За нею брезжил идеал, та, как говорил Толстой, путеводная звезда, без которой нет твердого направления, без которой сатира превращается в обывательское брюзжание. Твердое направление и поддерживало дух Маяковского в борьбе с аномалиями общественного бытия, в борьбе с литературными противниками.

Ситуации и типы сатирических стихов часто подсказывались газетными фактами, особенно "Комсомольской правдой", порою даже являлись поэтической иллюстрацией этих фактов, но идейно-нравственный пафос исходил из личности Маяковского, от его убеждений, его нетерпеливого желания как можно скорее избавиться от всех - больших и малых - помех на пути к прекрасному будущему.

Он утверждал форму боевого, актуального, наступательного искусства через газету, он хотел, "чтоб резала пресса", он шел в атаку и не боялся ответного удара, ждал, чтобы в него "в окно целил враг из обреза". Это было бы лучшим показателем действенности его сатиры.

Но душа художника нет-нет да и бунтовала в нем, требуя большей свободы самовыражения, не мирясь с нормативами социального заказа в лефовском понимании.
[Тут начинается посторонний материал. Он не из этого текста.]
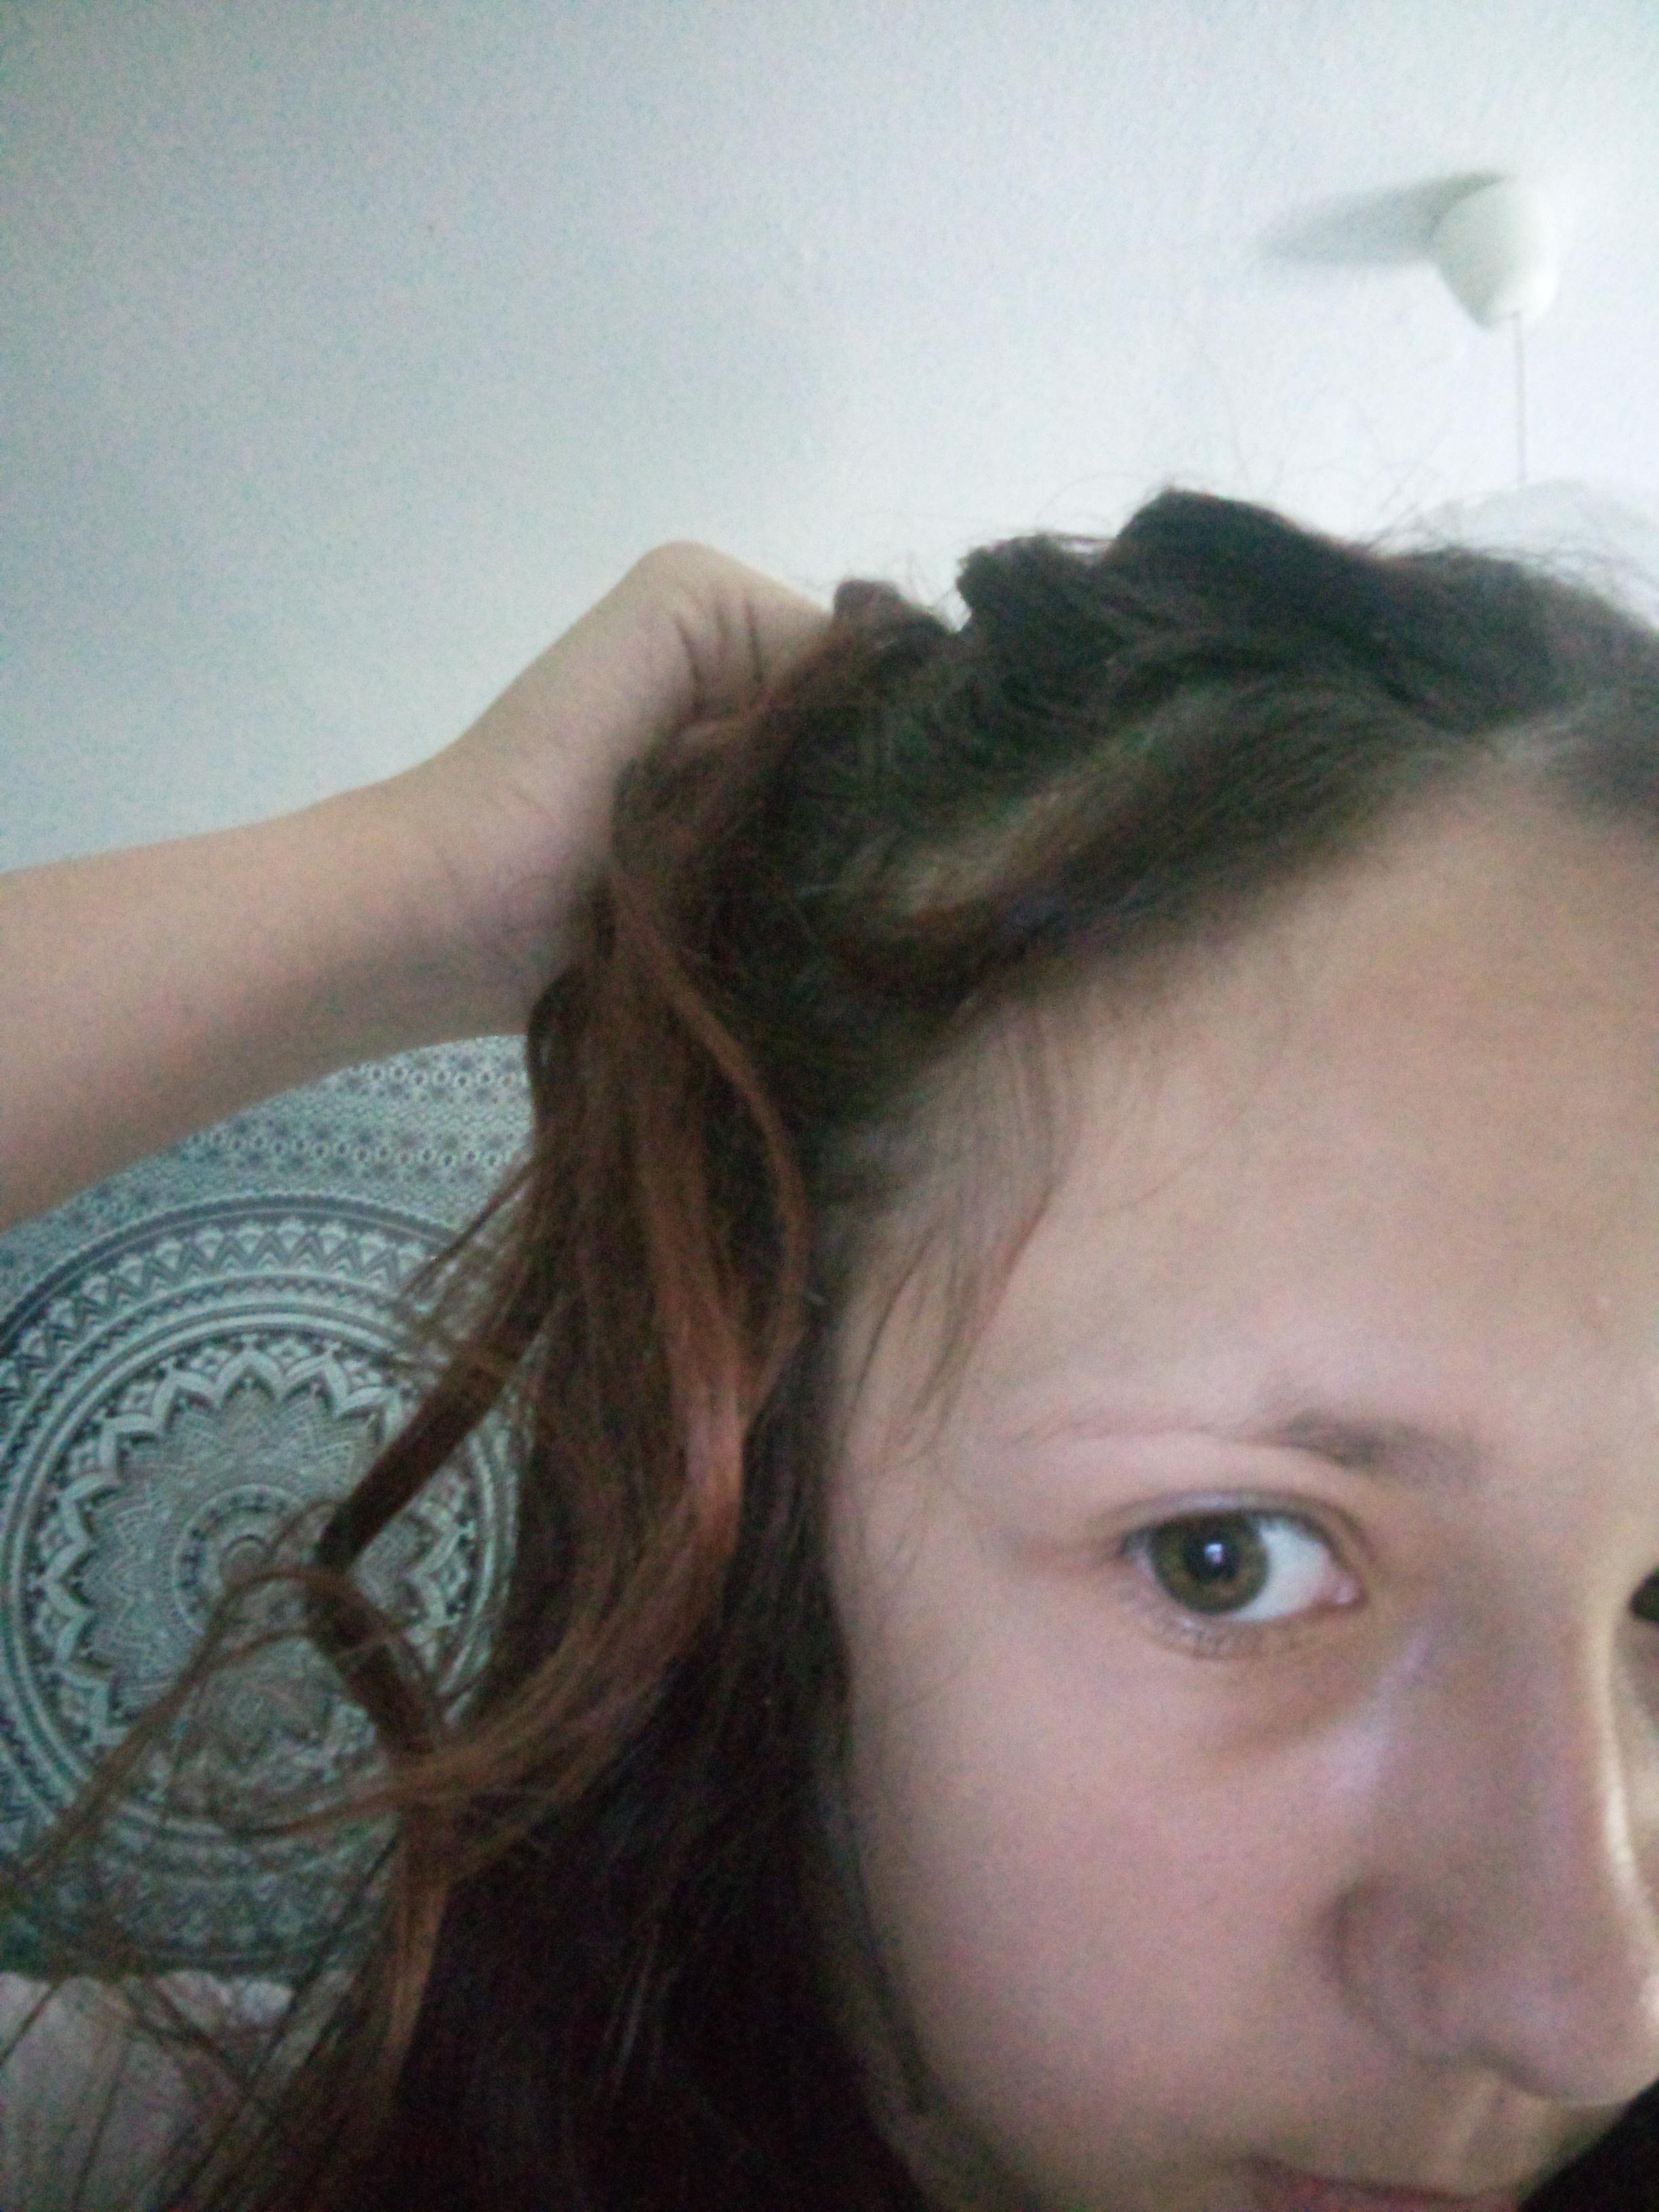 Haare wie soll ich mein zopf machen hab fussball? (Frisur)
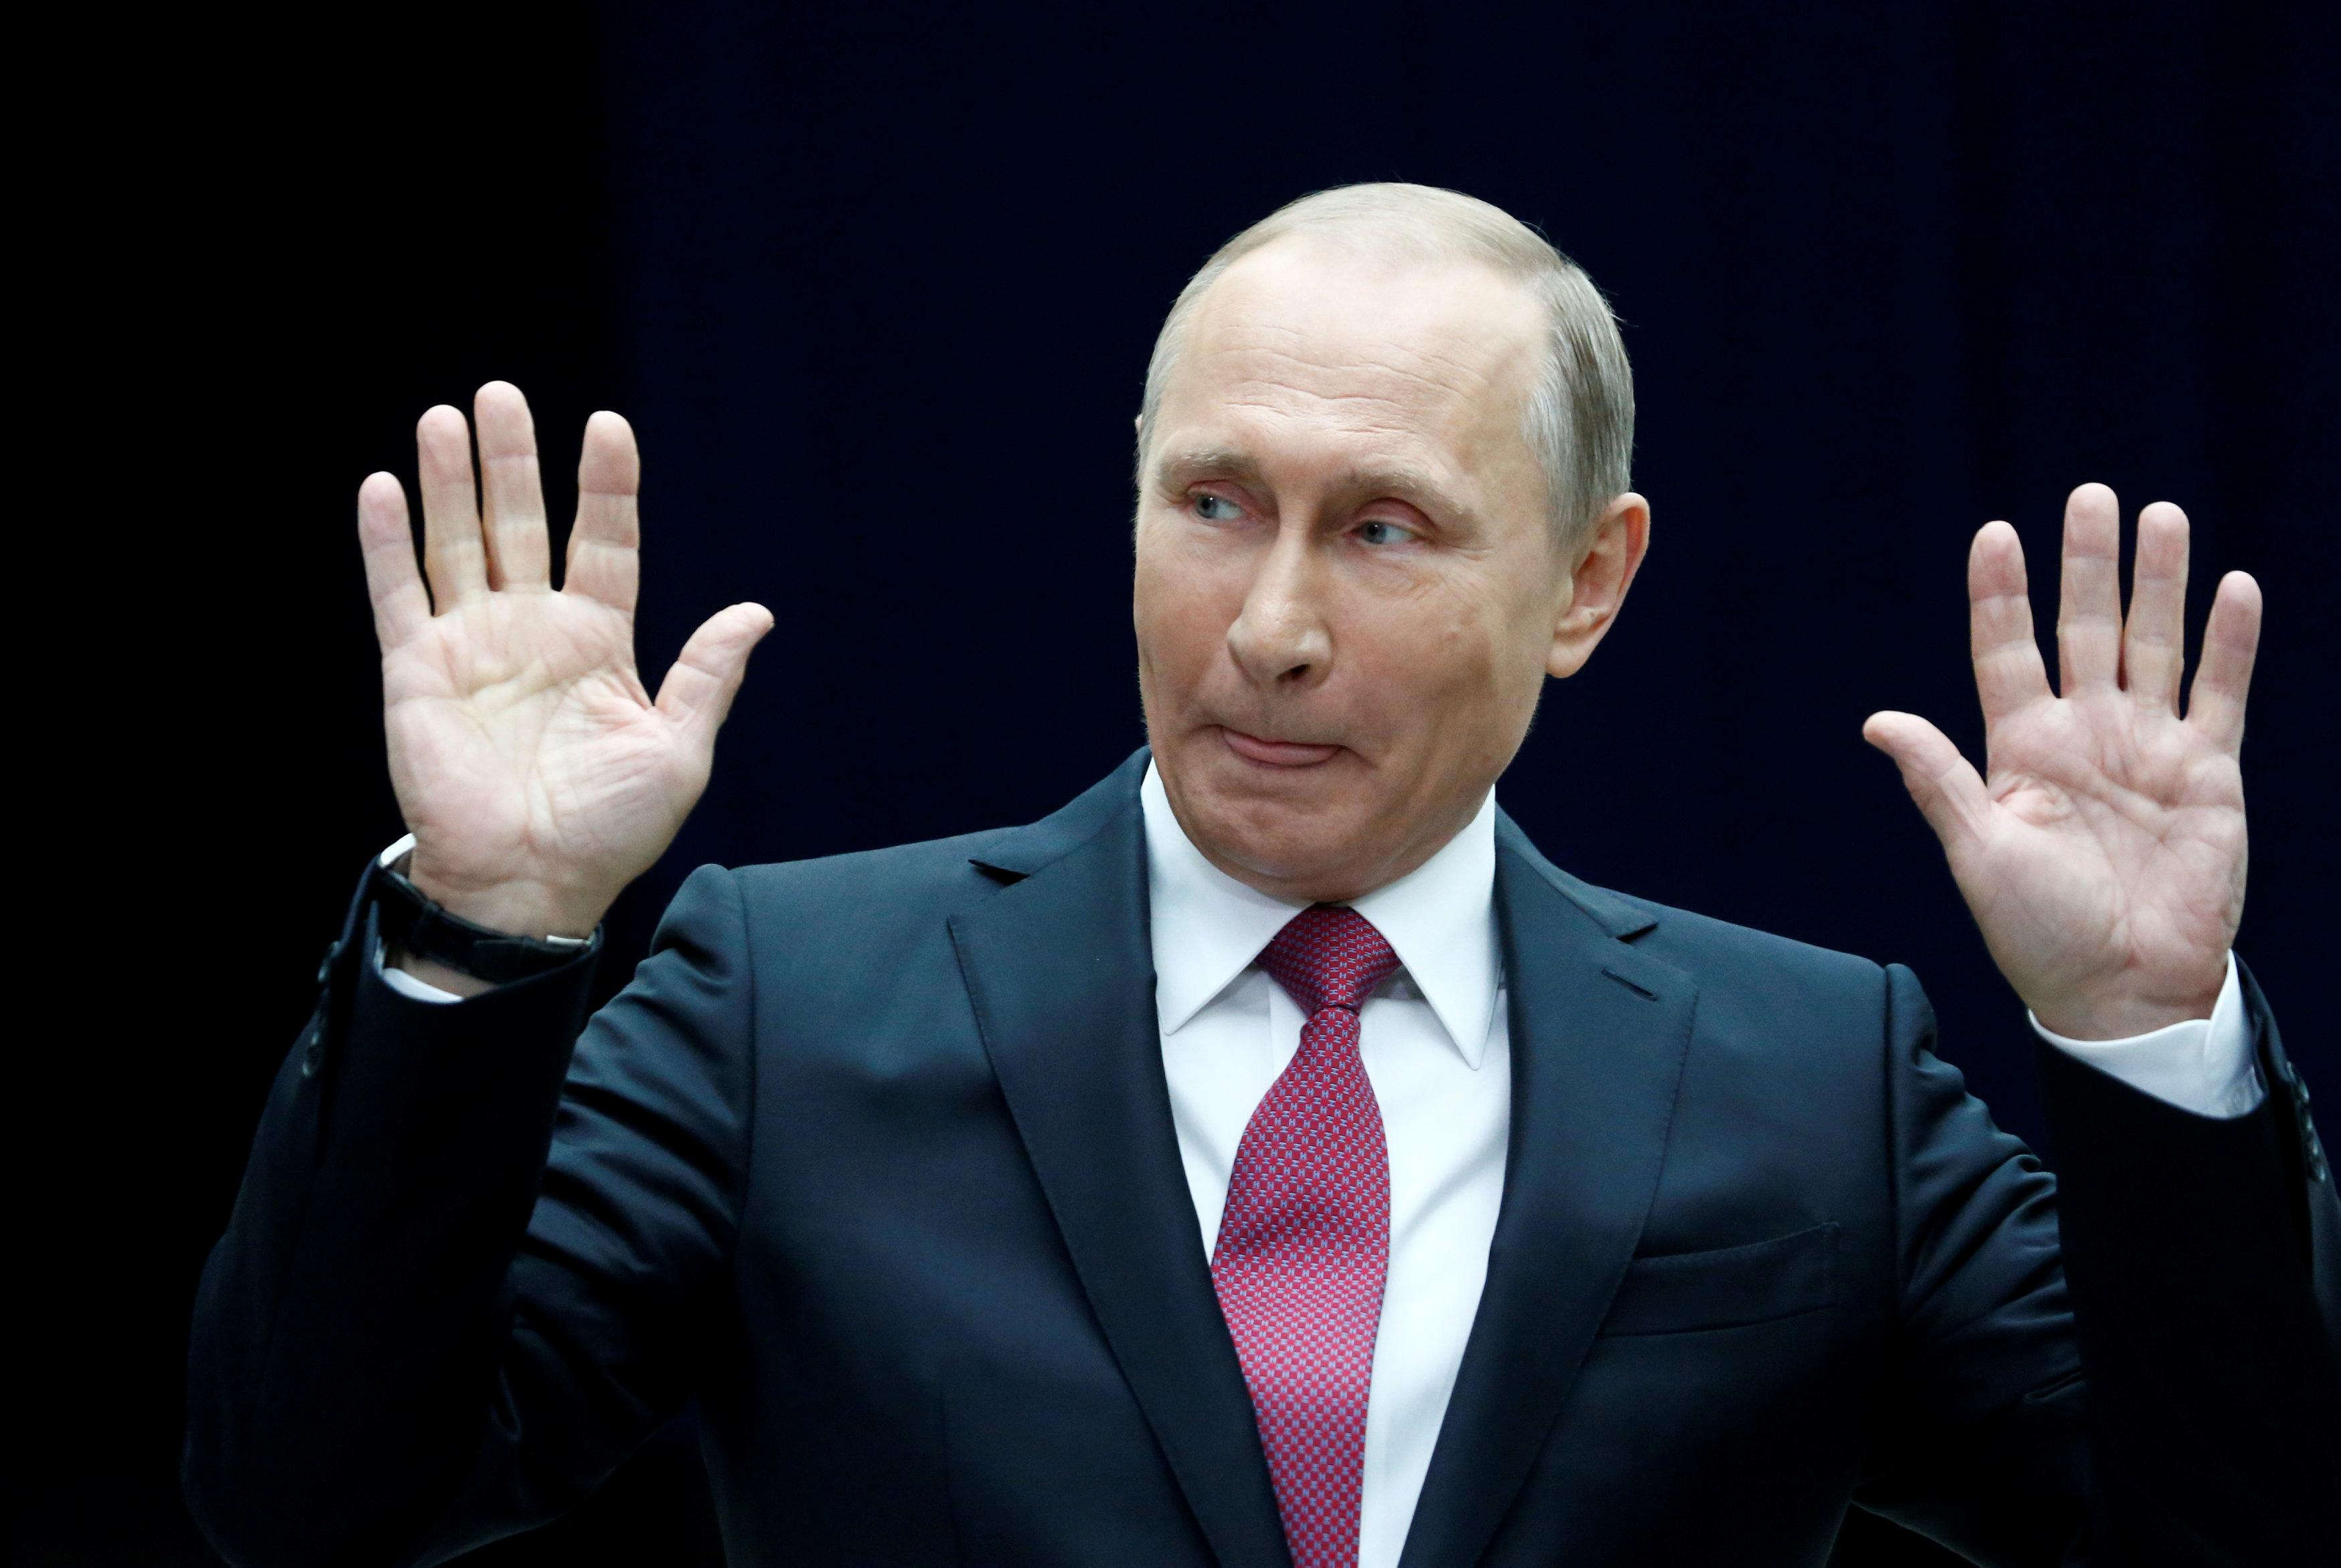 Vladímir Putin confiesa que no usa 'smartphone' ni tiene redes sociales | El Imparcial de Oaxaca

Помните, он хотел написать роман? Разумеется, все лучшие произведения Маяковского написаны "по мандату" личного, внутренне осознанного, прочувствованного долга: "Голосует сердце..." Он отвергал тот "заказ", то "заданье", к которому не был готов внутренне.

Летом 1928 года "Комсомольская правда" организовала первую поездку писателей в колхозы. Газета посвятила этому событию большую подборку материалов с характеристиками писателей, участников поездки, со статьей Луначарского. В подборке напечатано стихотворение Маяковского. "Работникам стиха и прозы, на лето едущим в колхозы", где поэт предостерегает против приукрашивания деревенской жизни: "Колхозца серого и сирого не надо идеализировать". Тут же не упустил случая выпустить критическую стрелу в Ф. Гладкова, написавшего очерк о коммуне "Авангард", где сообщалось, что здесь крестьяне могут за 10 копеек получить в столовой обед с какао на третье. Гладкова критиковала "Комсомольская правда", а Маяковский прокатился по нему такими строчками: "...прочесть, что написал пока он, так все колхозцы пьют какао".

Нетерпеливый в стремлении приблизить будущее, Маяковский брал на себя черновую работу по расчистке почвы для него ("Я, ассенизатор и водовоз, революцией мобилизованный и призванный...") и хотел, чтобы этим занимались другие, а не заслоняли факты "фантазией рьяной...". Напоминал писателям, что "не только бывает "пьяное солнце" (так называлась повесть Ф. Гладкова. - А. М.), но... и крестьяне бывают пьяные".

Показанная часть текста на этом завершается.